▶ _WHAT IS NEEDED_:
Copy out the data below from the line containing "Chiara Noja wird Golf Saudi-Botschafterin" to the line containing "Dog Fashion - Patriotic", both lines included, with all images left out.

▶ _DATASET EXCERPTS_:
********************
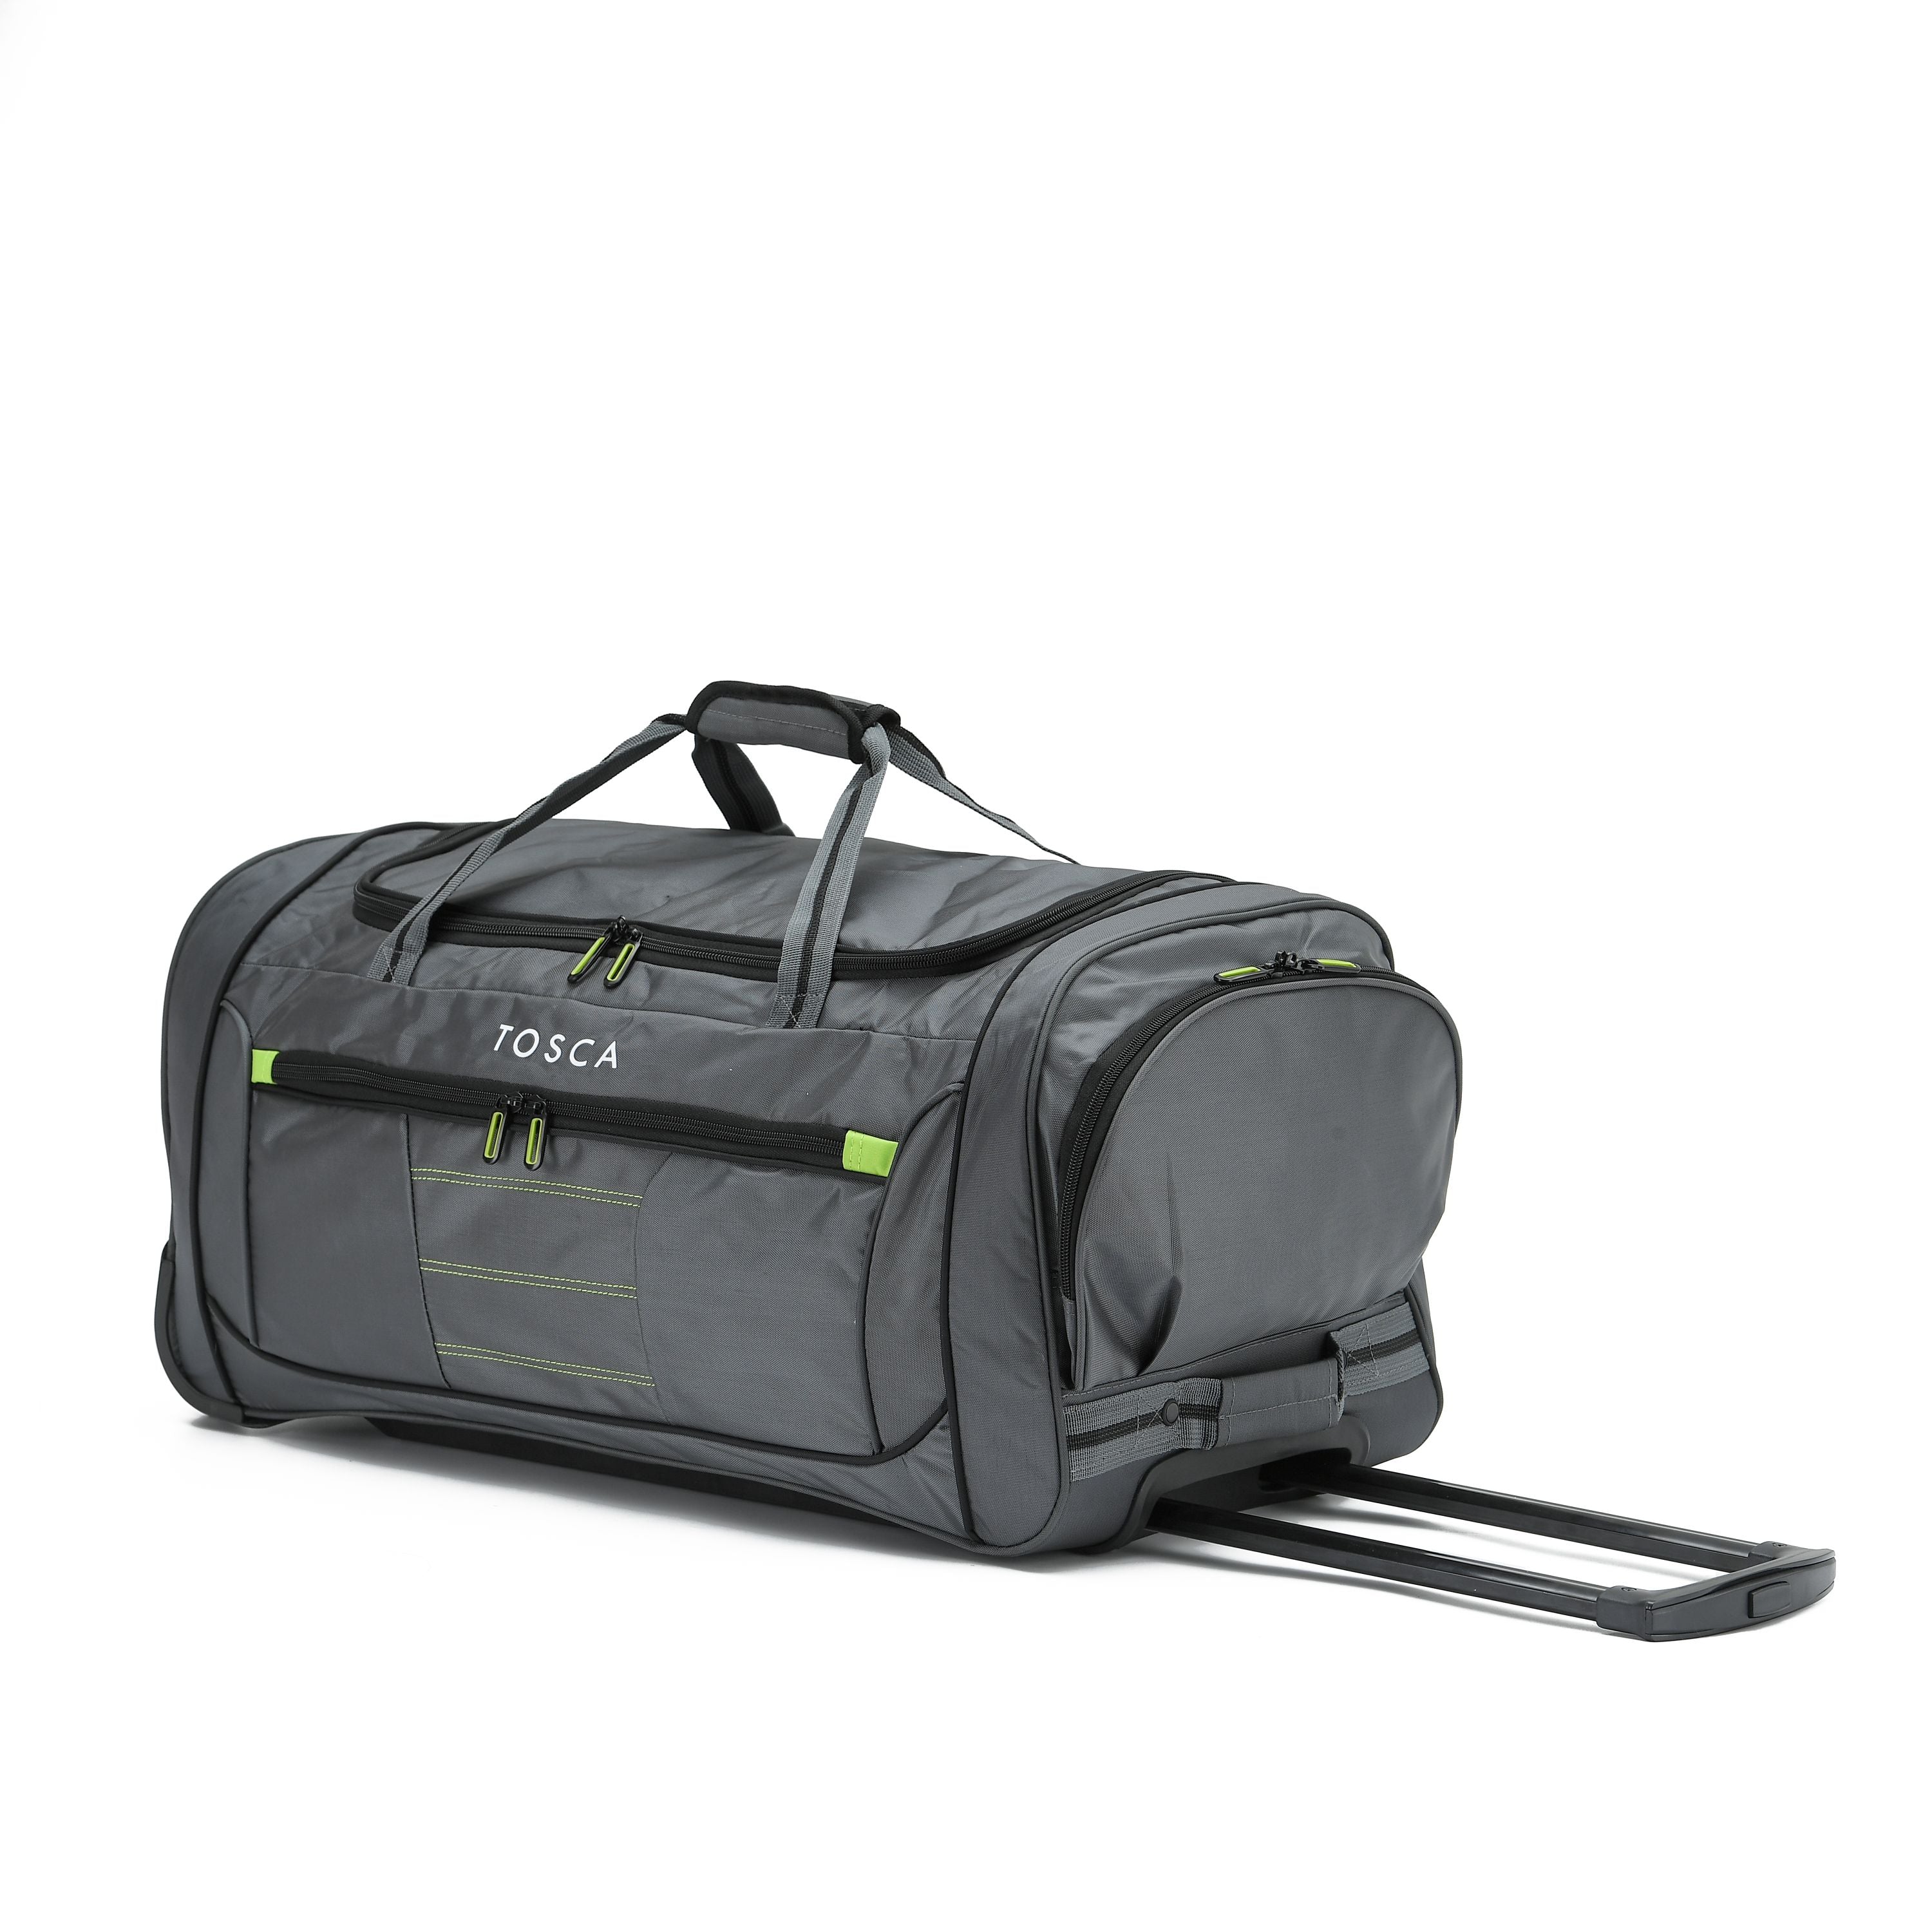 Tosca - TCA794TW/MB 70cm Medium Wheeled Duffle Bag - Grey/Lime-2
********************
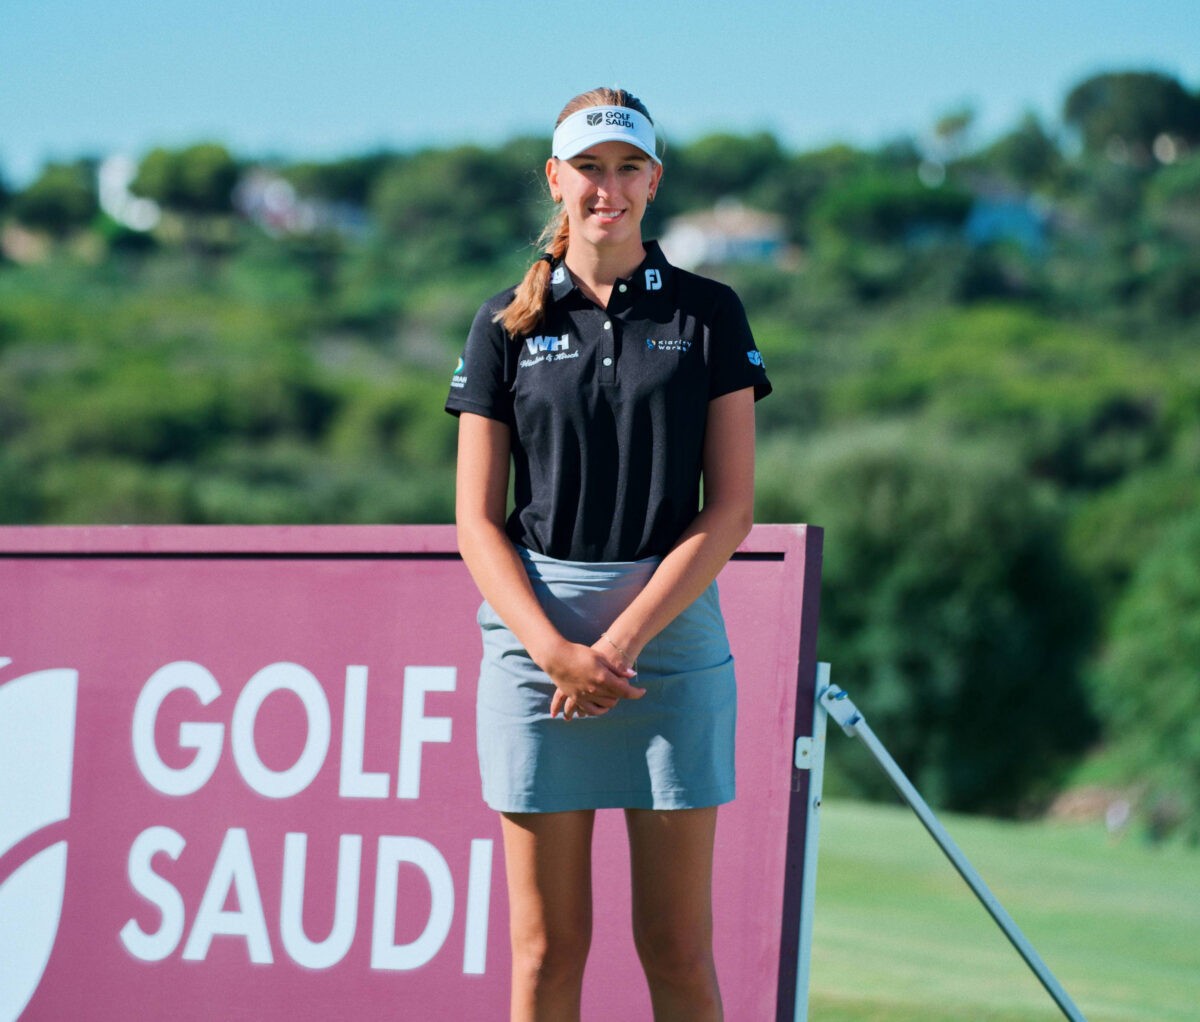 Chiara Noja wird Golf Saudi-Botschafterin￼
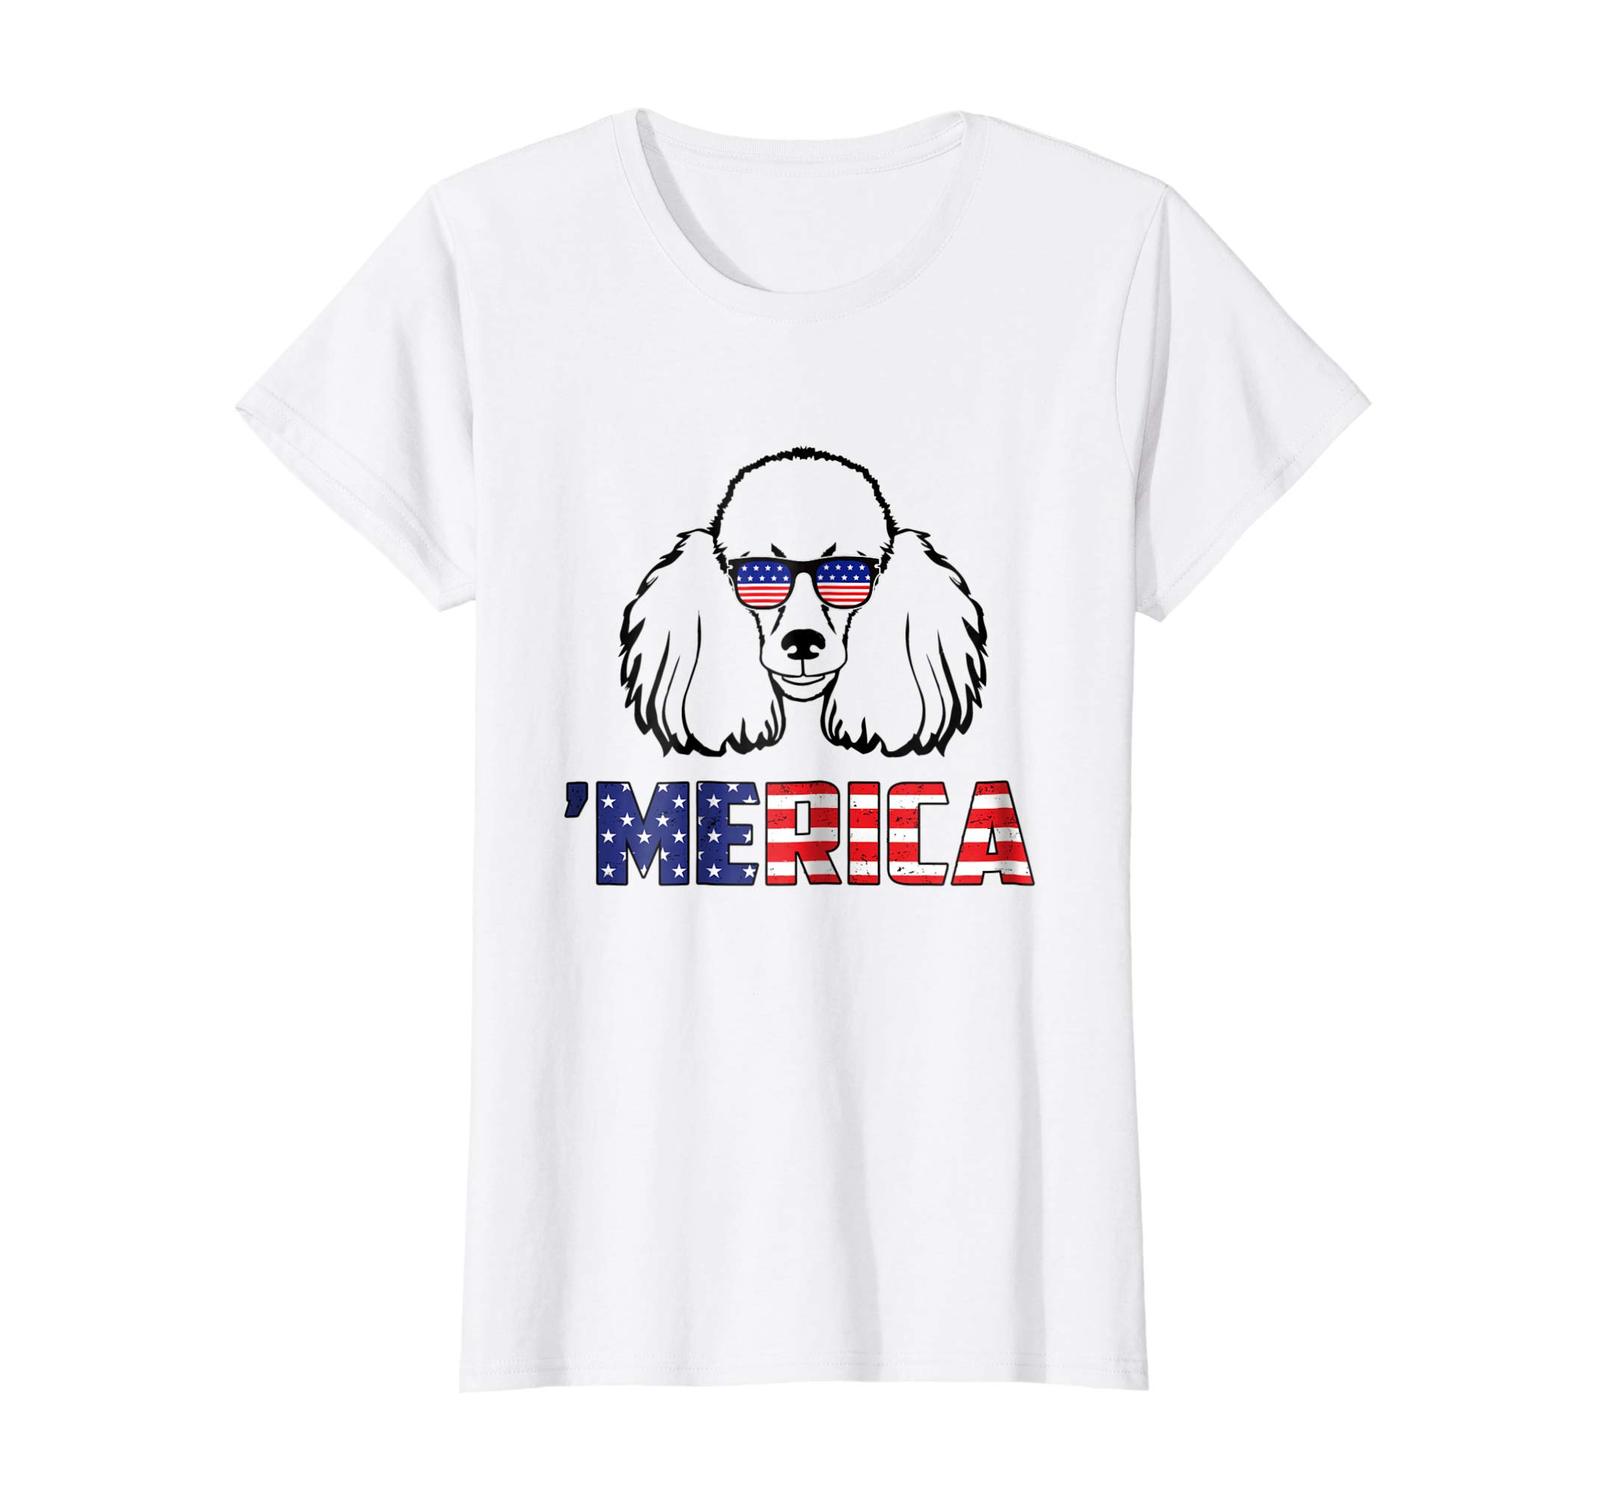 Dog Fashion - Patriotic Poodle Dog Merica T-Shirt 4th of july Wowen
********************
▶ _SOLUTION FOR THIS EXERCISE_:
 Chiara Noja wird Golf Saudi-Botschafterin
 Dog Fashion - Patriotic Poodle Dog Merica T-Shirt 4th of july Wowen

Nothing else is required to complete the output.